(Data block Opens)
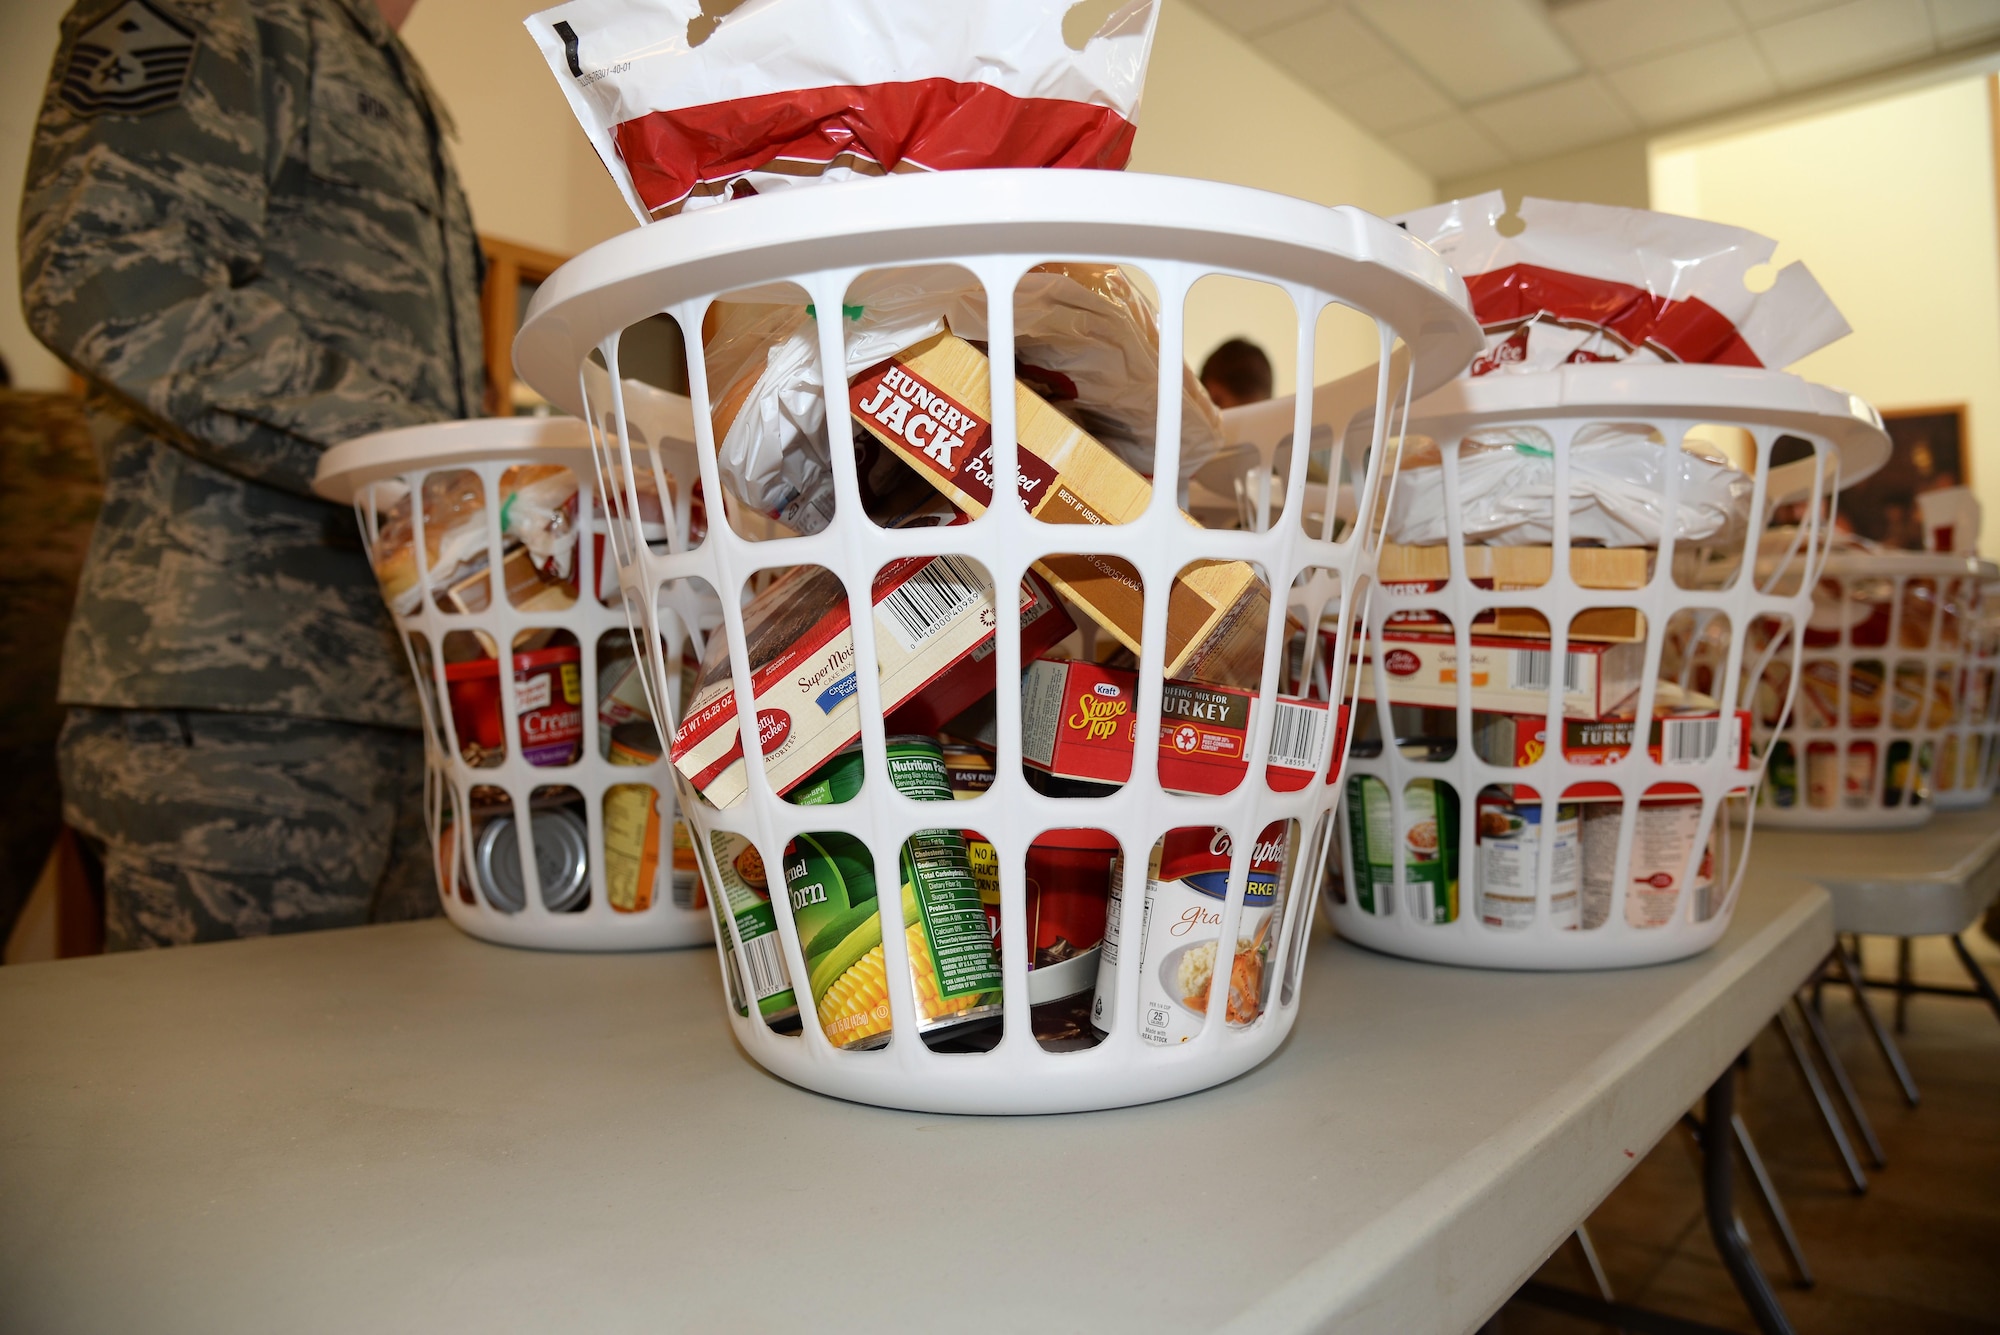 Thanksgiving baskets, put together by the first sergeants council and volunteers, pile up in the High Plains chapel at F.E. Warren Air Force Base, Wyo., Nov. 18, 2016.  125 baskets hold the makings of a great Thanksgiving meal and are funded through community members and the Combined Federal Campaign charity (code 19015). The first sergeants have been able to donate to Airmen for more than six years. The baskets will be delivered to junior-ranking Airmen, selected by their chain of command, to ensure their families are able to enjoy a Thanksgiving meal for the holiday. (U.S. Photo by 2d Lt. Nikita Thorpe)
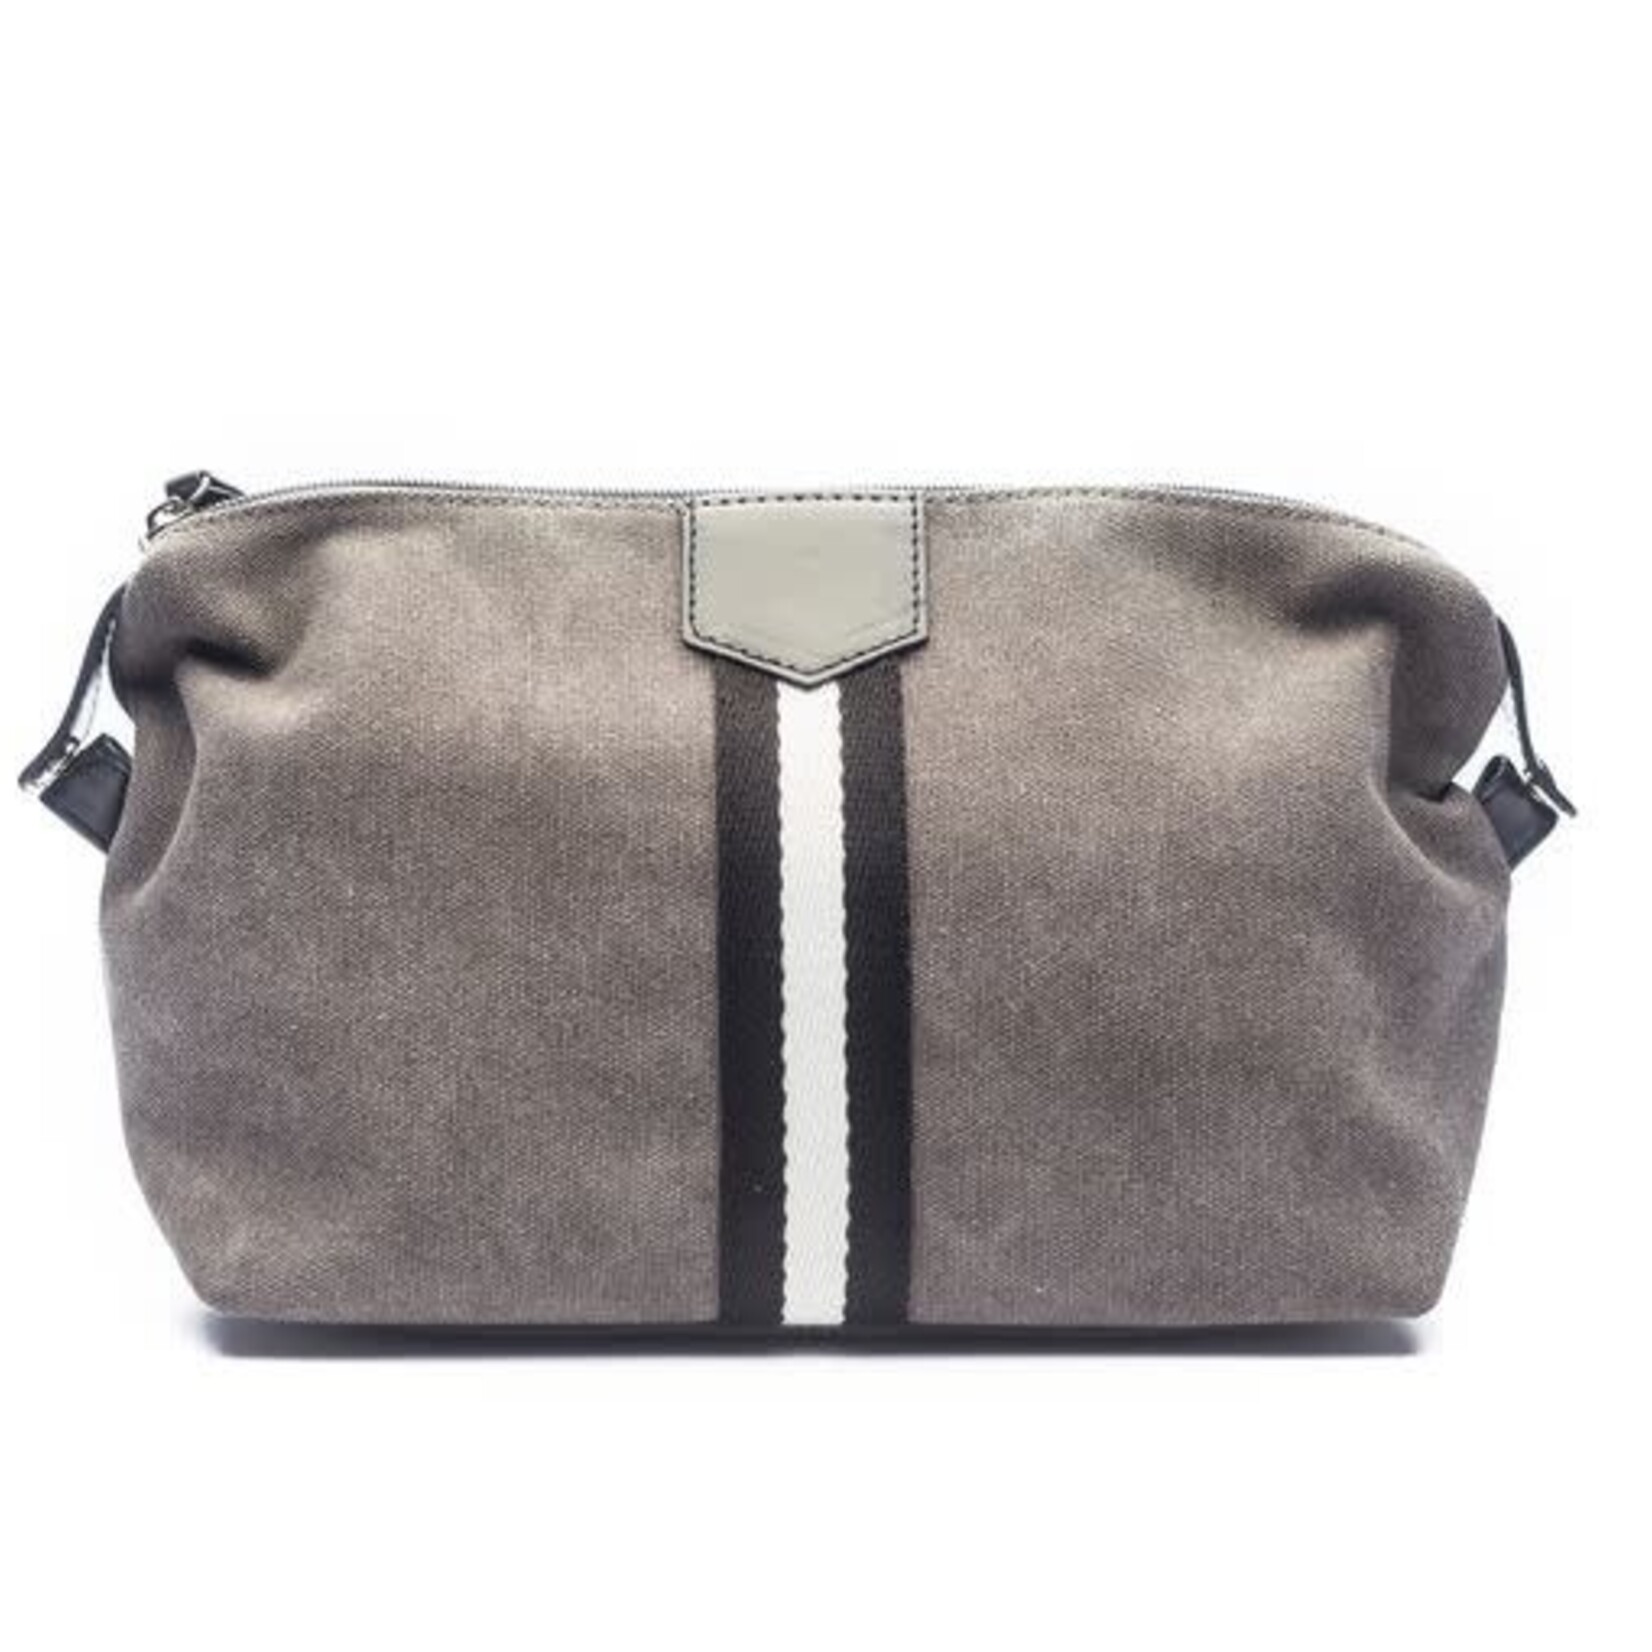 Brouk & Co Brouk Original Toiletry Bag - grey with black and white stripes
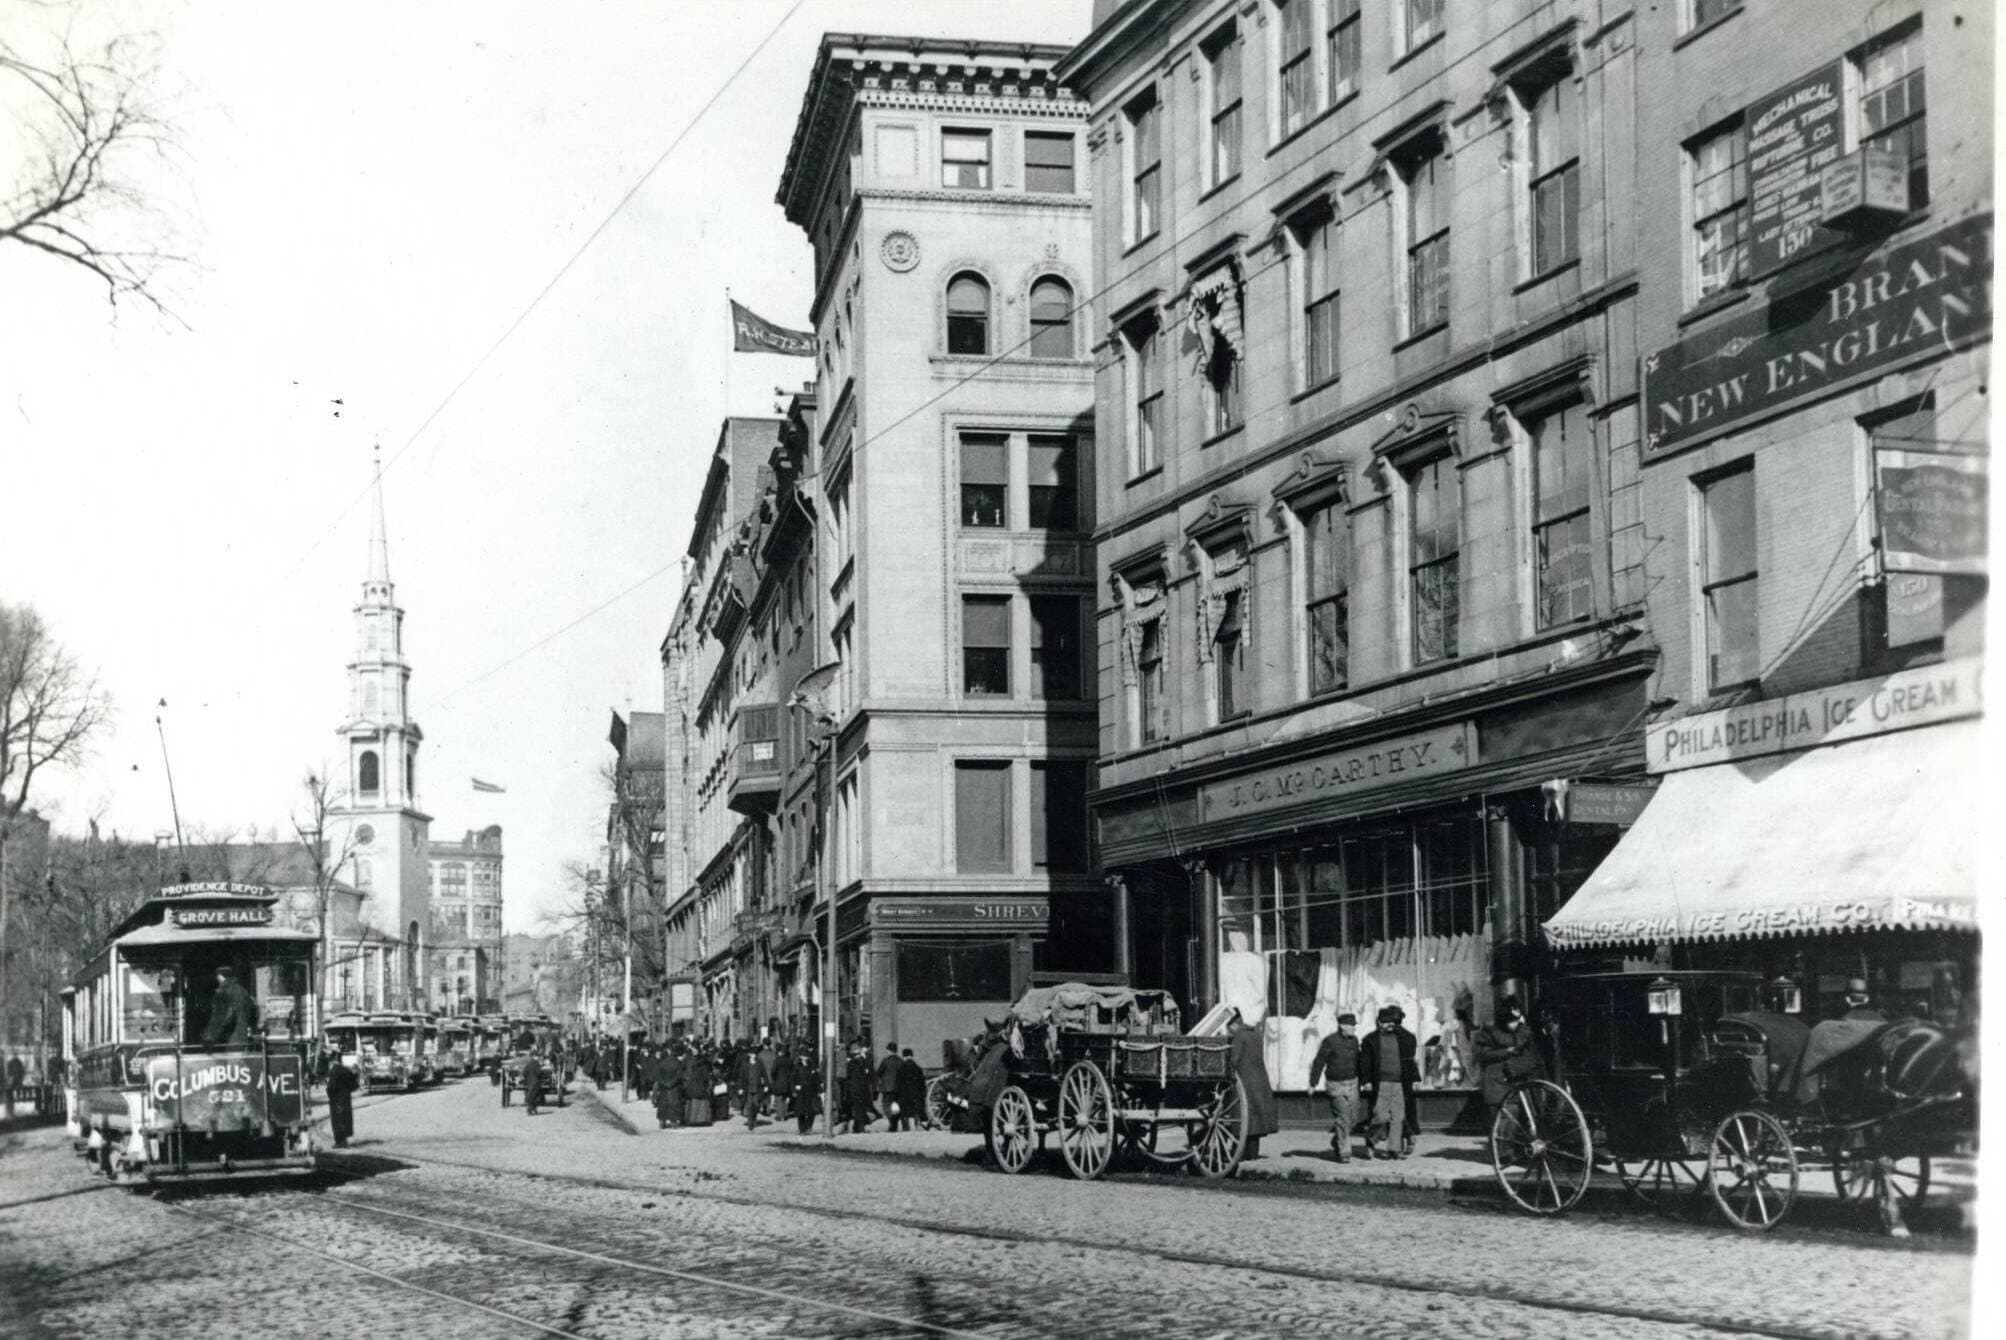 A black and white photograph with a trolley car from the late 1800s traveling along a city street.
(Data block Closes)
Problem description.
Could you copy, exactly and with no pictures, each line from the first one above to the line holding "Brouk & Co Brouk"?

Solution.
 Thanksgiving baskets, put together by the first sergeants council and volunteers, pile up in the High Plains chapel at F.E. Warren Air Force Base, Wyo., Nov. 18, 2016.  125 baskets hold the makings of a great Thanksgiving meal and are funded through community members and the Combined Federal Campaign charity (code 19015). The first sergeants have been able to donate to Airmen for more than six years. The baskets will be delivered to junior-ranking Airmen, selected by their chain of command, to ensure their families are able to enjoy a Thanksgiving meal for the holiday. (U.S. Photo by 2d Lt. Nikita Thorpe)
 Brouk & Co Brouk Original Toiletry Bag - grey with black and white stripes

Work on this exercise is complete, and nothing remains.